Print the listing below exactly, images excluded.

SUPPLIED INFORMATION:
-- -- --

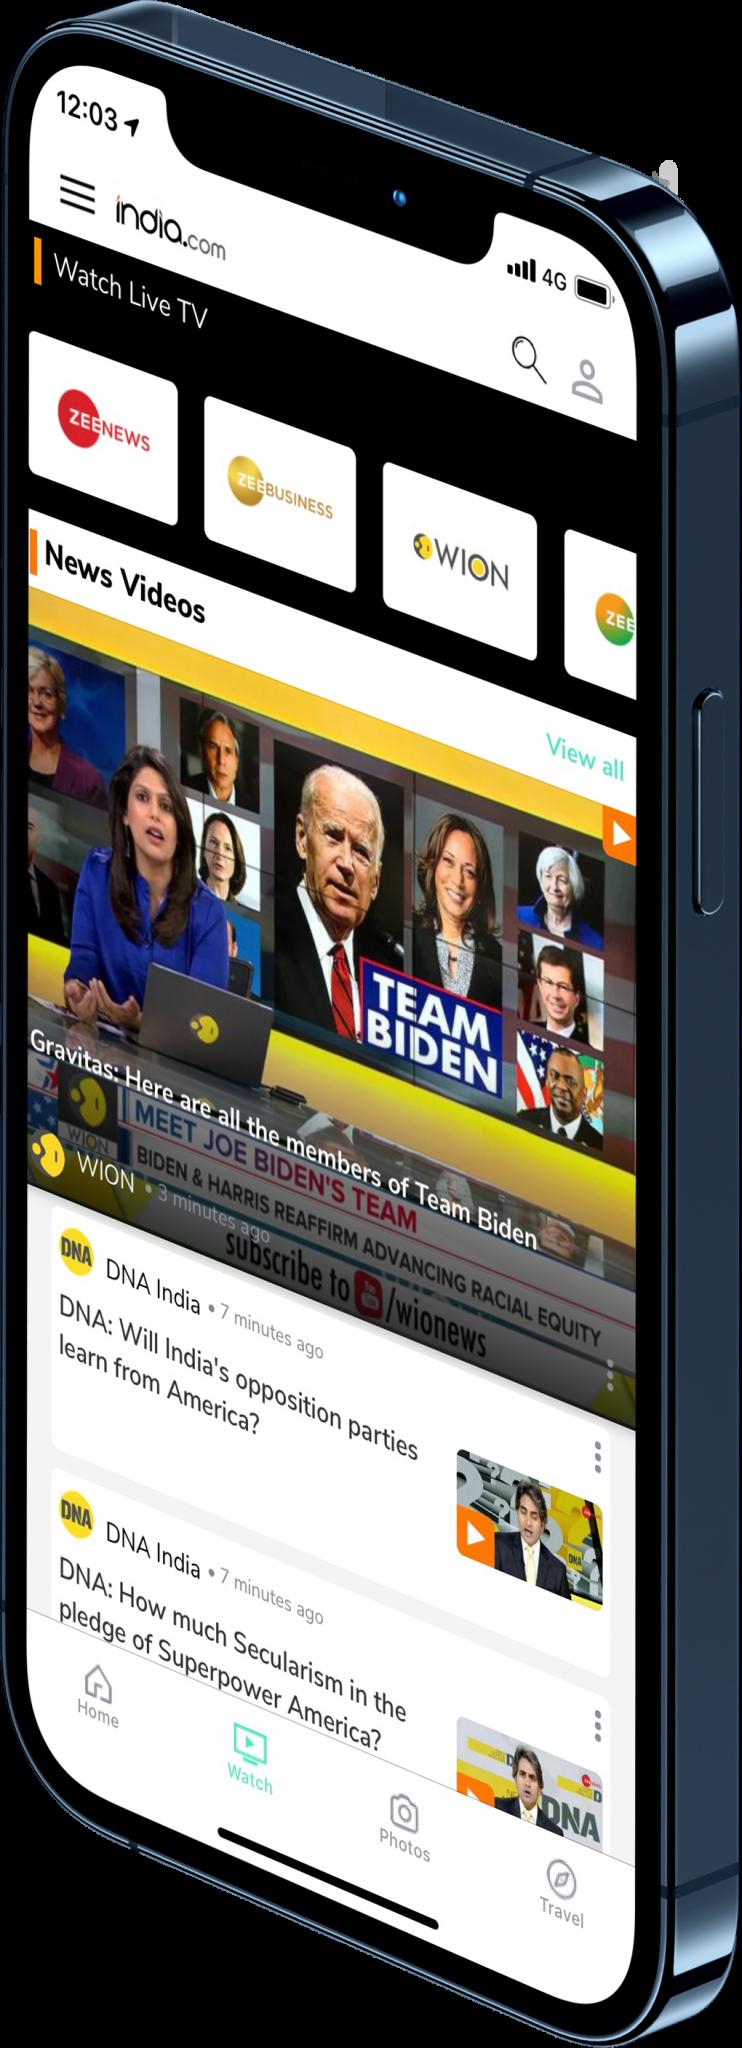 ecommerce platform with mobile app
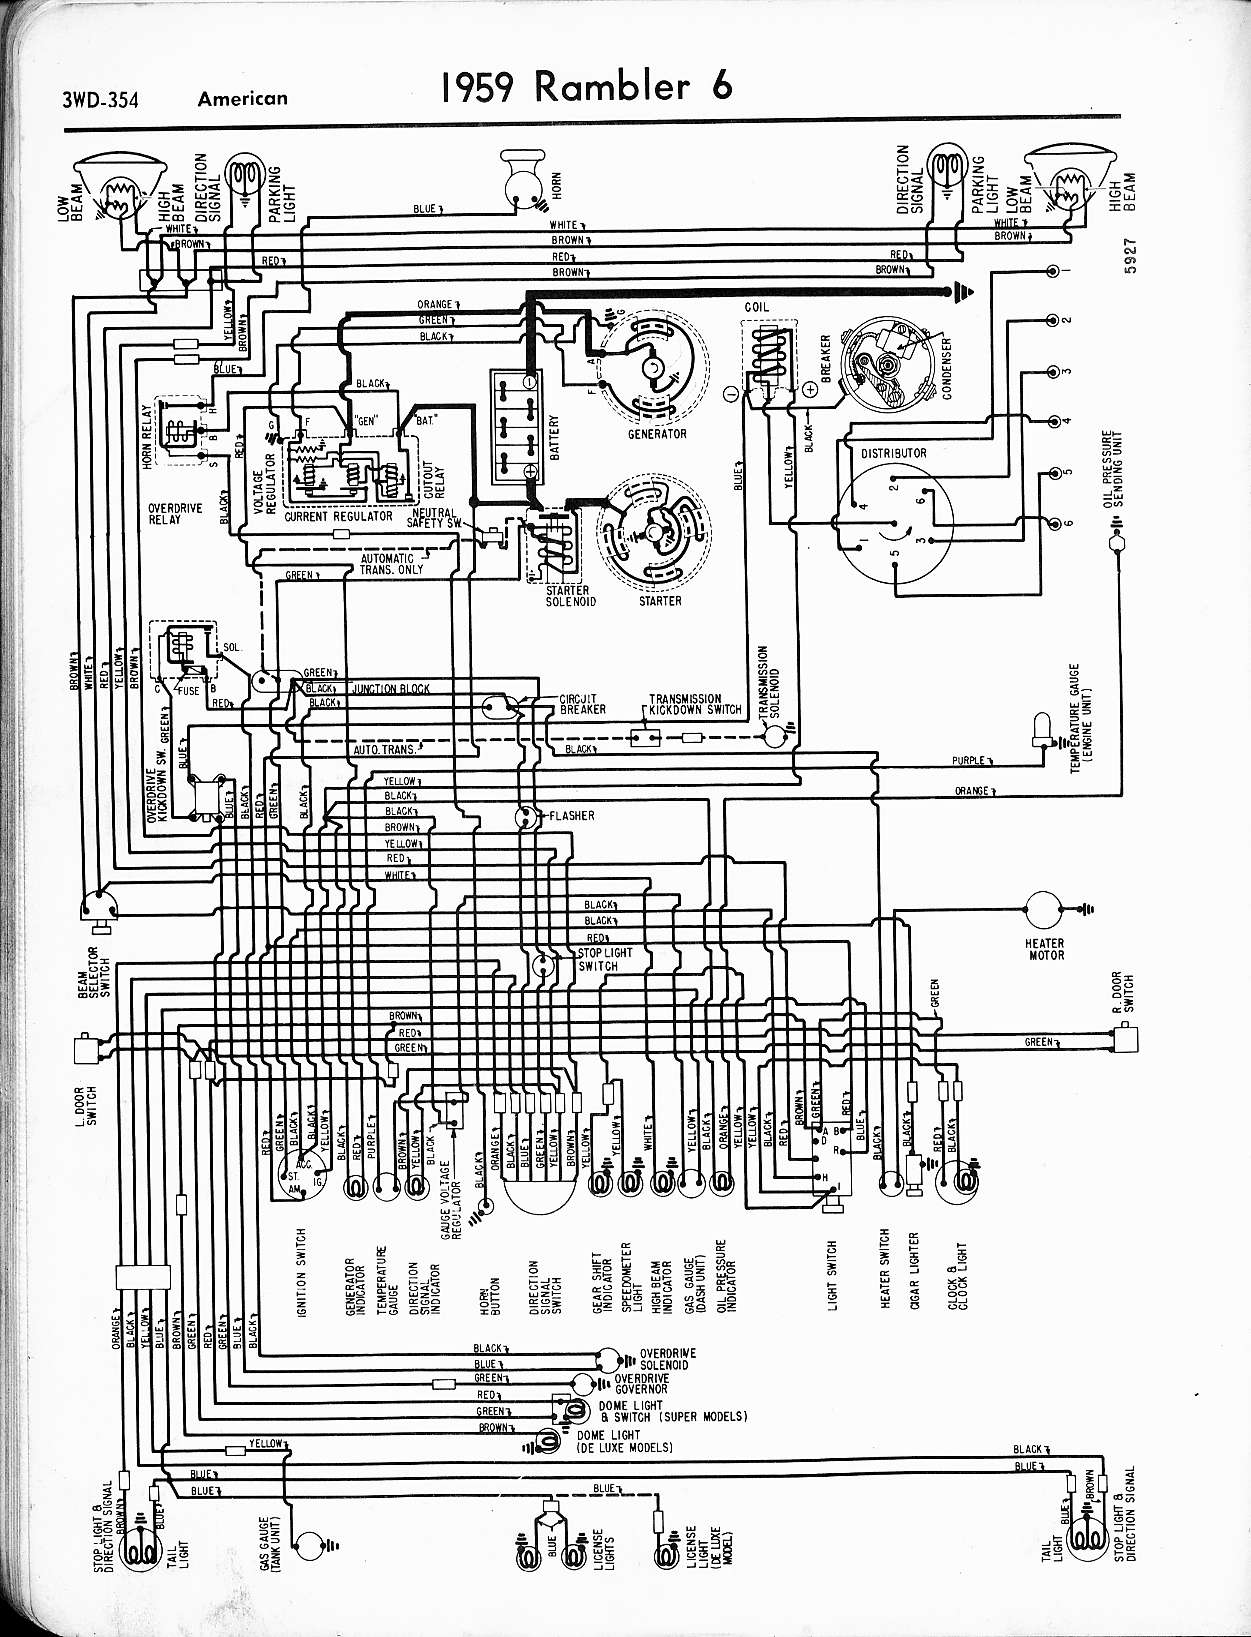 ac wiring diagram symbols of ceiling fan with light old all data car cub cadet
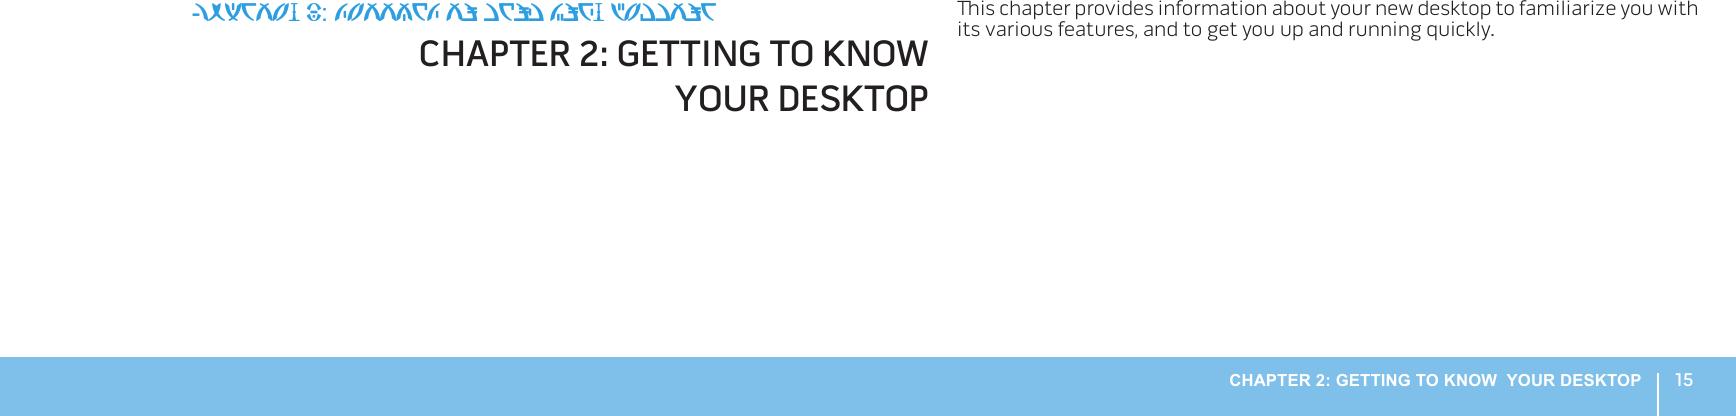 Dell Alienware aurora alx Desktop Manual User User's Guide En us

-- -- --

REPLY:
 ecommerce platform with mobile app
 ac wiring diagram symbols of ceiling fan with light old all data car cub cadet
 Dell Alienware aurora alx Desktop Manual User User's Guide En us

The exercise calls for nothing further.